Scientific classification
- Kingdom: Plantae
- Clade: Tracheophytes
- Clade: Gymnosperms
- Division: Pinophyta
- Class: Pinopsida
- Order: Araucariales
- Family: Podocarpaceae
- Genus: Podocarpus
- Species: P. macrophyllus
- Variety: P. m. var. maki
- Trinomial name: Podocarpus macrophyllus var. maki Siebold & Zucc.
- Synonyms: Synonymy Juniperus chinensis Roxb. ; Margbensonia chinensis (Wall. ex Benn.) A.V.Bobrov & Melikyan ; Margbensonia maki (Siebold & Zucc.) A.V.Bobrov & Melikyan ; Myrica esquirolii H.Lév. ; Nageia appressa (Maxim.) Kuntze ; Nageia chinensis (Wall. ex Benn.) Kuntze ; Nageia corrugata (Gordon) Kuntze ; Nageia flagelliformis (Carrière) Kuntze ; Nageia japonica (Siebold ex Endl.) Kuntze ; Nageia macrophylla var. maki (Siebold & Zucc.) Voss ; Podocarpus appressus Maxim. ; Podocarpus chinensis Wall. ex Benn. ; Podocarpus chinensis var. appressus (Maxim.) Matsum. ; Podocarpus chinensis var. argenteus Gordon ; Podocarpus chinensis var. aureus Gordon ; Podocarpus chinensis var. wardii de Laub. & Silba ; Podocarpus chinensis subsp. wardii (de Laub. & Silba) Silba ; Podocarpus corrugatus Gordon ; Podocarpus flagelliformis Carrière ; Podocarpus japonicus Siebold ex Endl. ; Podocarpus lanceolatus Gordon & Glend. ; Podocarpus macrophyllus var. appressus (Maxim.) Matsum. ; Podocarpus macrophyllus var. chinensis (Wall. ex Benn.) Maxim. ; Podocarpus macrophyllus subsp. maki (Siebold & Zucc.) Pilg. ; Podocarpus maki (Siebold & Zucc.) Pickering ; Podocarpus makoyi Blume ; Podocarpus miquelia Parl. ; Taxus chinensis Roxb. ;

= Podocarpus macrophyllus var. maki =

Species of conifer

Podocarpus macrophyllus var. maki is a variety of conifer in the family Podocarpaceae. It is a variety of Podocarpus macrophyllus native to southern China, northern Myanmar, Taiwan, and south-central and southern Japan.
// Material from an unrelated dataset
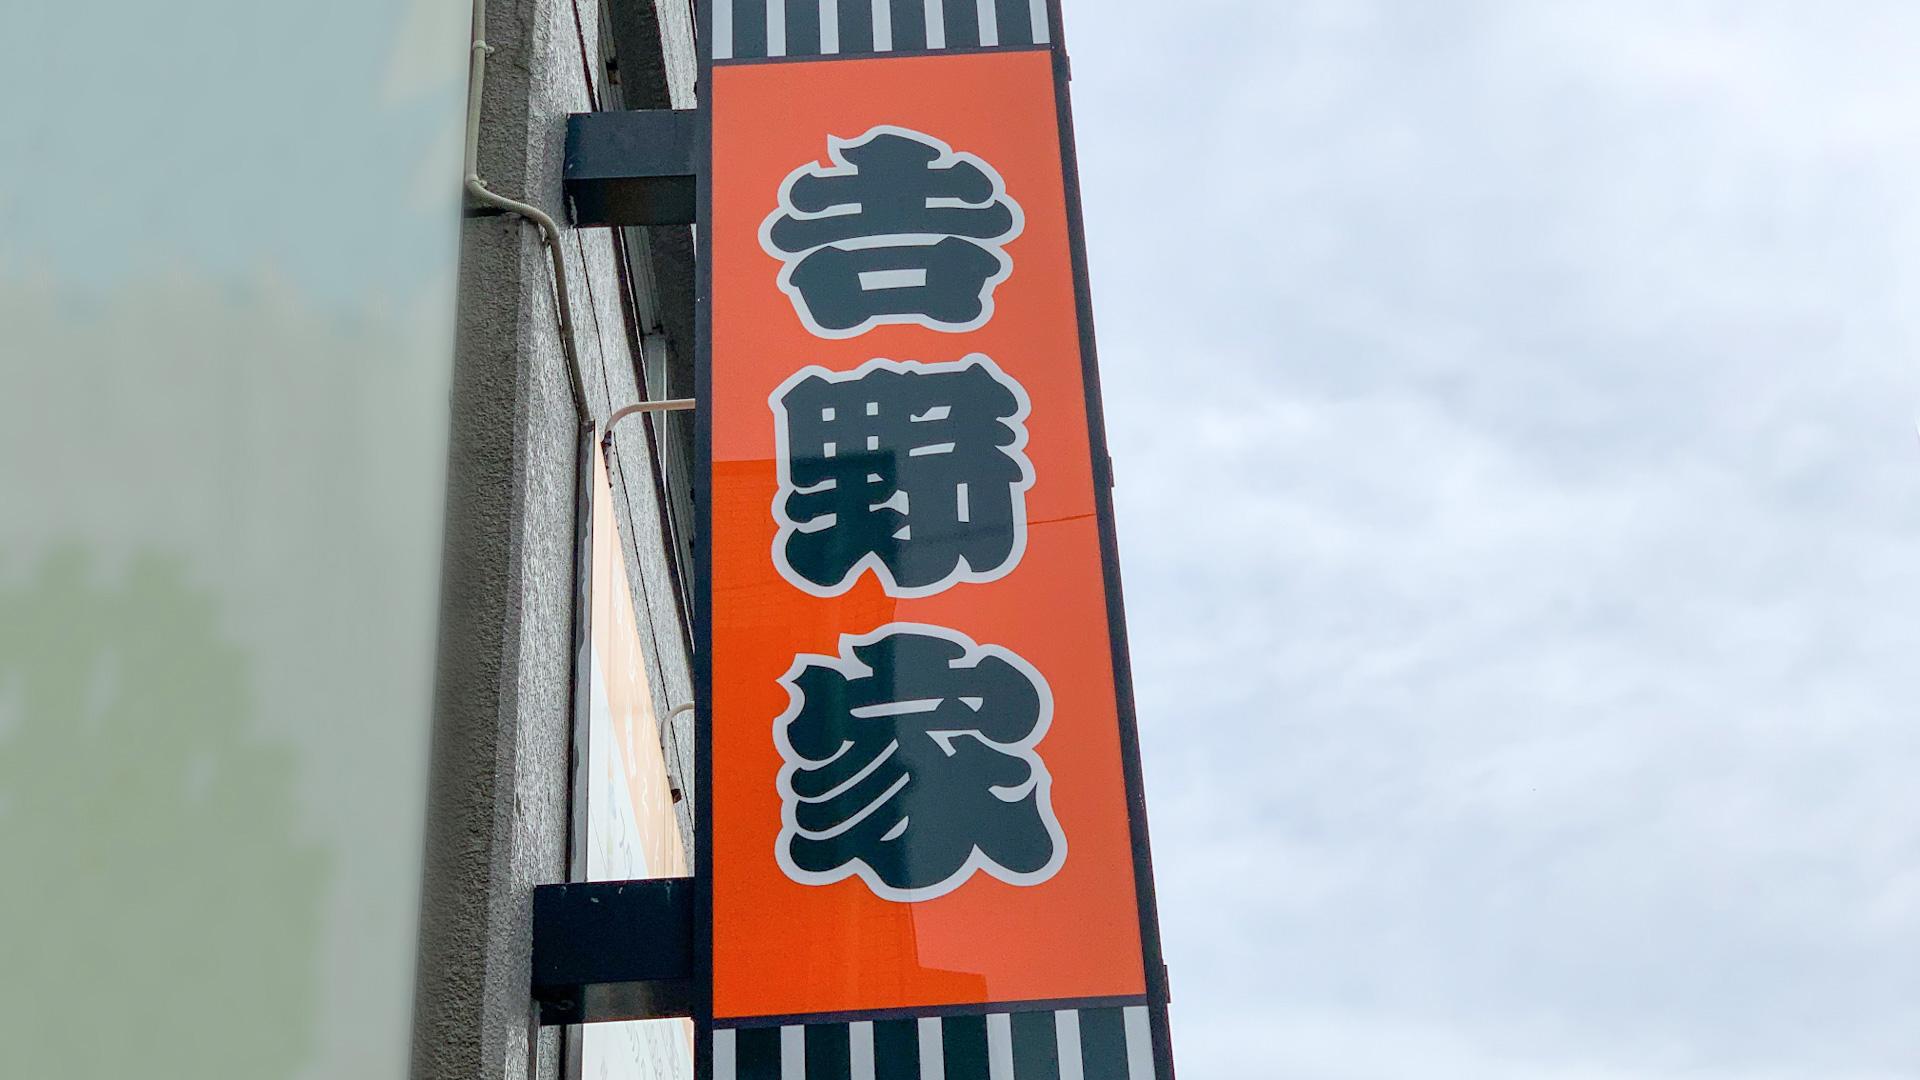 吉野家の通販を徹底調査!お店の牛丼がお家で手軽に楽しめるってホント?
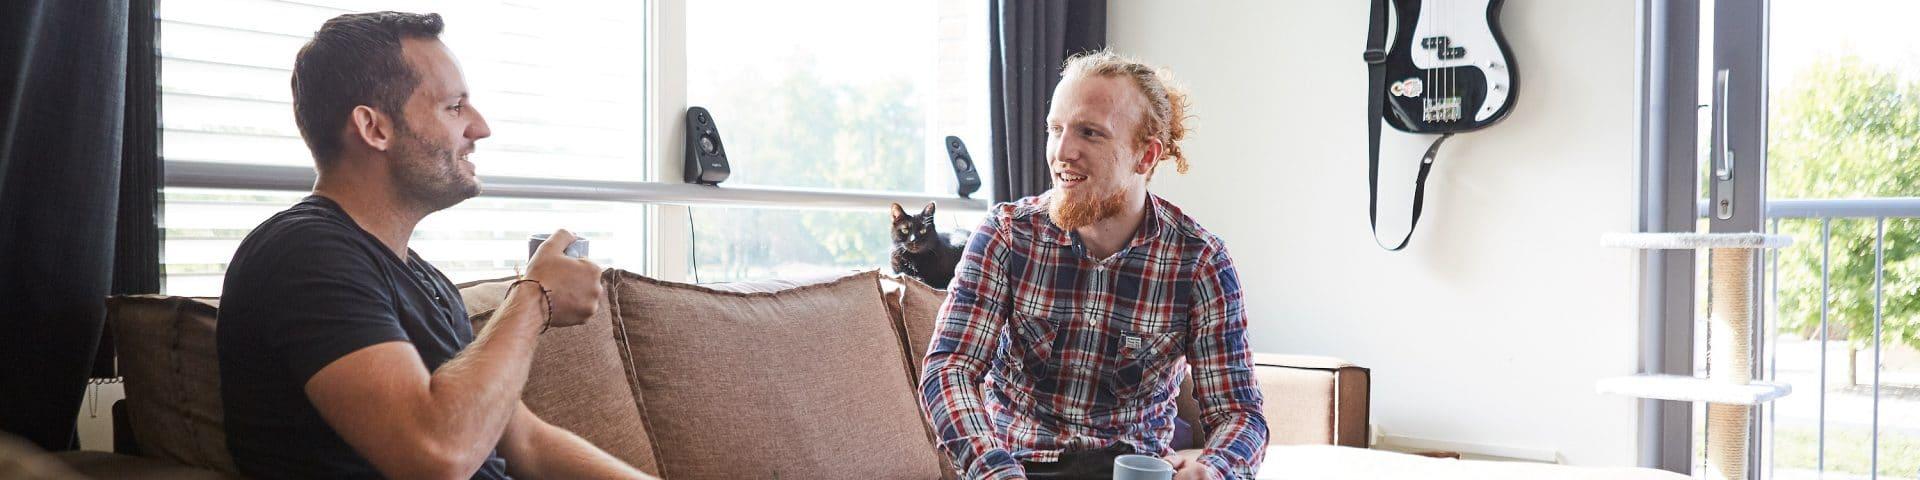 Riwis Zorg & Welzijn

Podocarpus macrophyllus var. maki is a coniferous tree growing up to 15 metres tall. Its branches are strong and horizontal with dense branchlets. Leaves are thick and leathery and spirally arranged, up to 18 × 1 cm, bright green above and glaucous beneath. It varies from P. macrophyllus var. macrophyllus only in leaf width and receptacle color.

==Etymology==
Podocarpus is derived from Greek, meaning ‘stalked fruit’. It was named in reference to the fleshy fruit stalks of some species.